Depth. As the depth is decreased from left to right, the internal jugular and the carotid artery come closer into view. The depth button on the console (right panel) is used for adjustments.
Gain adjusts the brightness of the entire image (Figure 8) but does not affect resolution or pixels per image. Gain manipulation capabilities are machine dependent. Some machines adjust overall screen gain, others partition the screen into proximal and distal halves, and only select point-of-care machines adjust gain at a variety of depths (time gain compensation).
Figure 8.
Gain. In the center is an image of the neck (with carotid artery and internal jugular vein at the center), with a normally adjusted gain. On the left, the gain has been increased, resulting in a brighter (more hyperechoic) overall image. On the far right, the gain has been decreased, resulting in an overall darker image.
Image resolution is determined by the frequency and duration of the transmitted pulse. Axial resolution refers to the ability to resolve objects within the imaging plane at different depths parallel to the direction of the pulse. Axial resolution is best with higher-frequency probes and their short pulses. As described above, lateral resolution refers to the ability to resolve objects in the imaging plane that are located side by side.
Ultrasound Artifacts
In pursuit of an accurate representation of anatomy, the ultrasound machine makes a number of assumptions about sound propagation in tissue. However, tissue heterogeneity gives rise to visible image artifacts. These artifacts assume different forms in the displayed image, including perceived objects that are not actually present, structures that should be represented but are missing, and structures whose locations are incorrectly registered (4). Most artifacts interfere with image interpretation; however, some contain diagnostically useful clues. Their recognition and interpretation is an essential skill of the proficient sonographer. Potential clues to identification of an artifact include: (1) artifacts radiate from the top of the screen (or the head of the probe), (2) artifacts move with probe movements, and (3) artifacts are linear and regular in contrast to normal anatomy (10).

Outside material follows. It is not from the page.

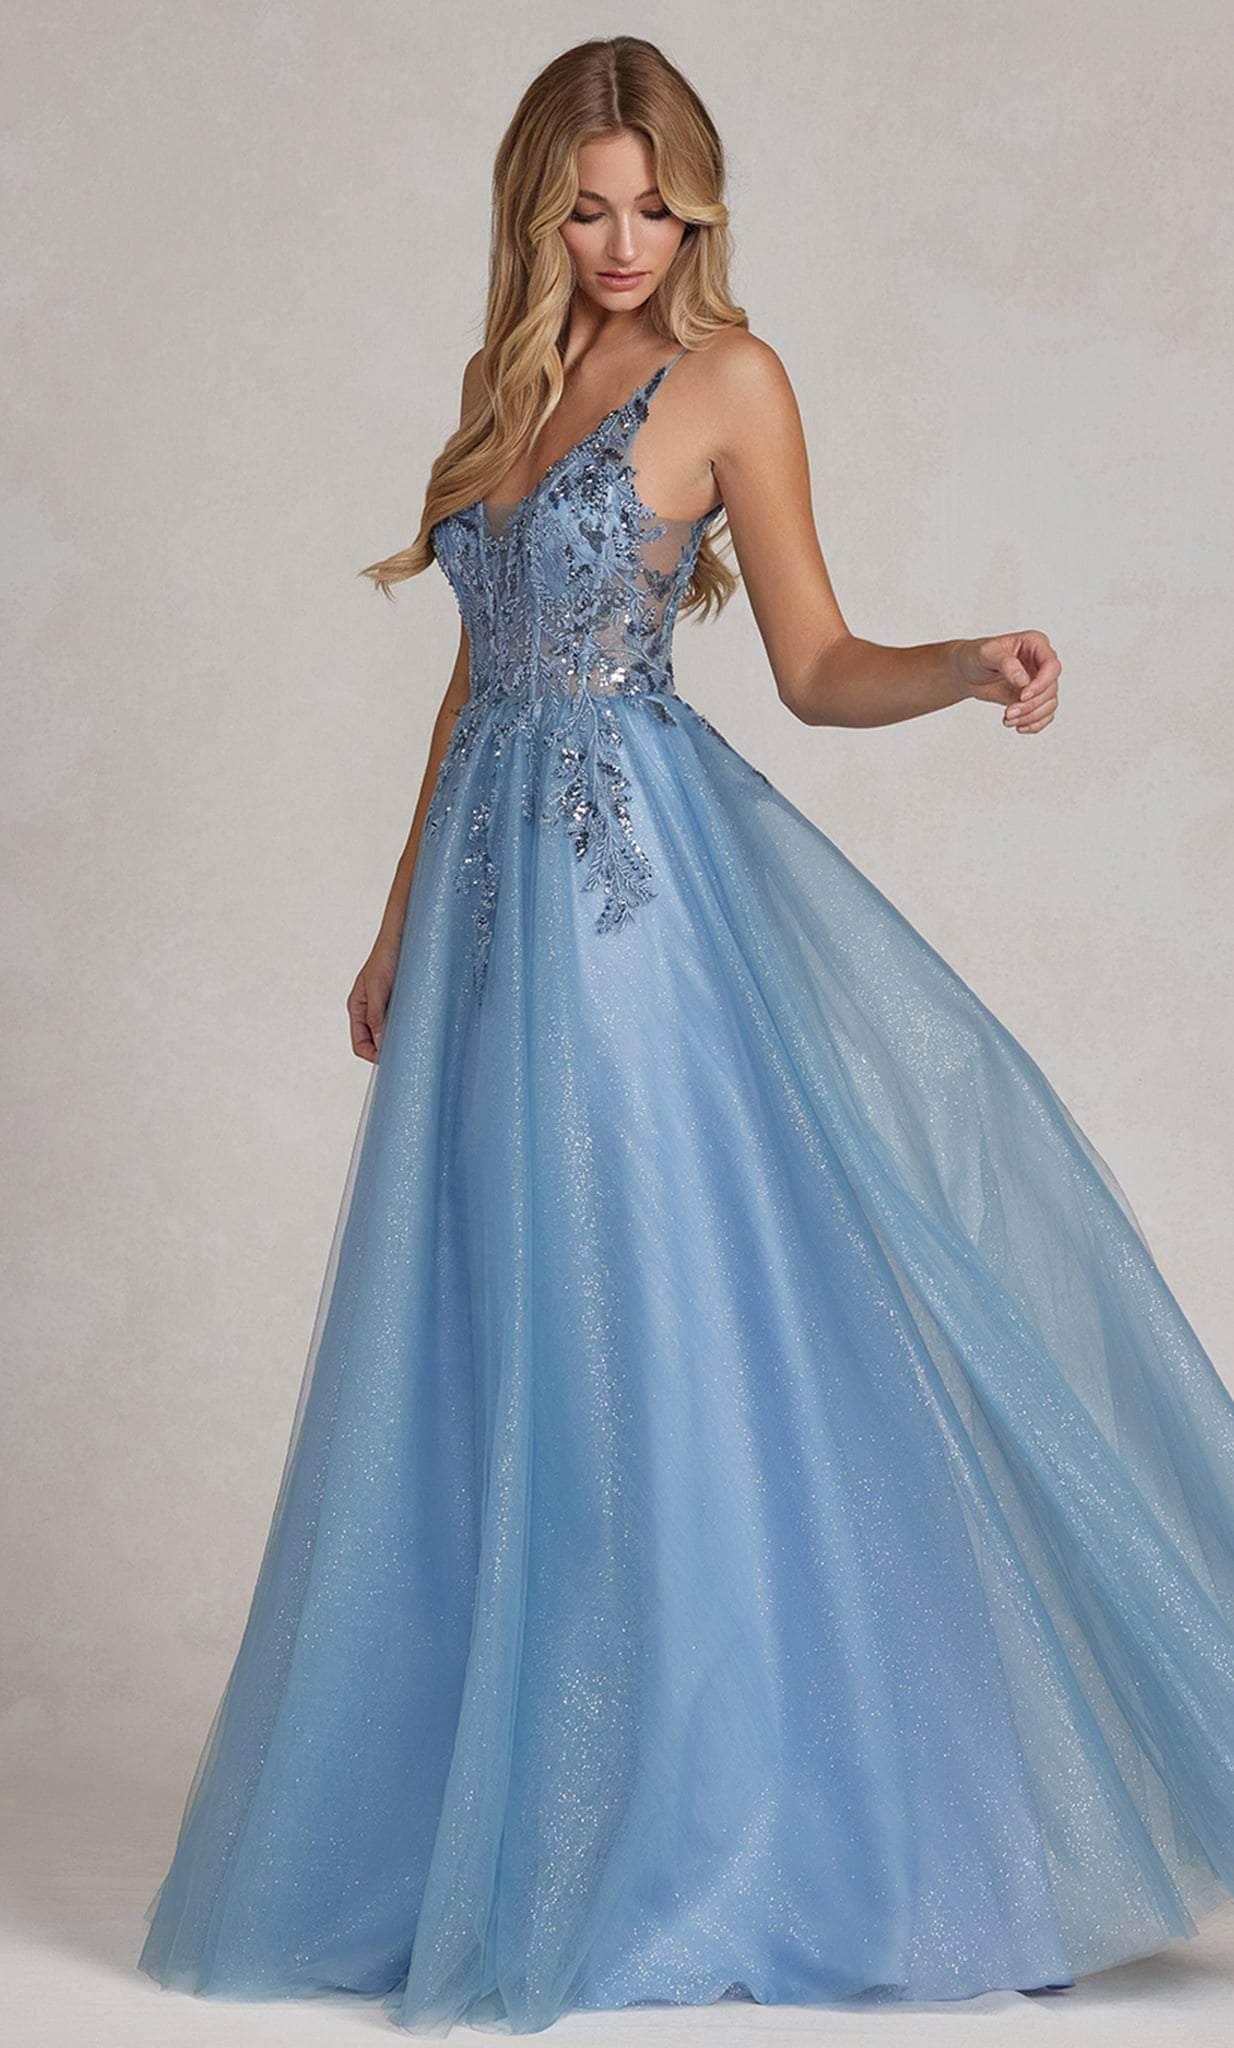 Image of Nox Anabel E1125 - Glittered Tulle Prom Dress

Acoustic shadowing, described above, is the most commonly encountered artifact. It can serve as a diagnostic hindrance by obscuring deep structures (e.g., shadows deep to rib). In some cases, it can aid in the recognition of a solid structure; examples include cholelithiasis or the intravascular position of a catheter (Figure 9) (11, 12). Similarly helpful is the shadowing behind an air interface (scattered beam at tissue/gas interfaces); it can serve as an affirmation of lung aeration.
Figure 9.

Acoustic shadowing. On the left there is a vessel (V) with a catheter (*) in it. Posterior to the catheter is an acoustic shadow (A).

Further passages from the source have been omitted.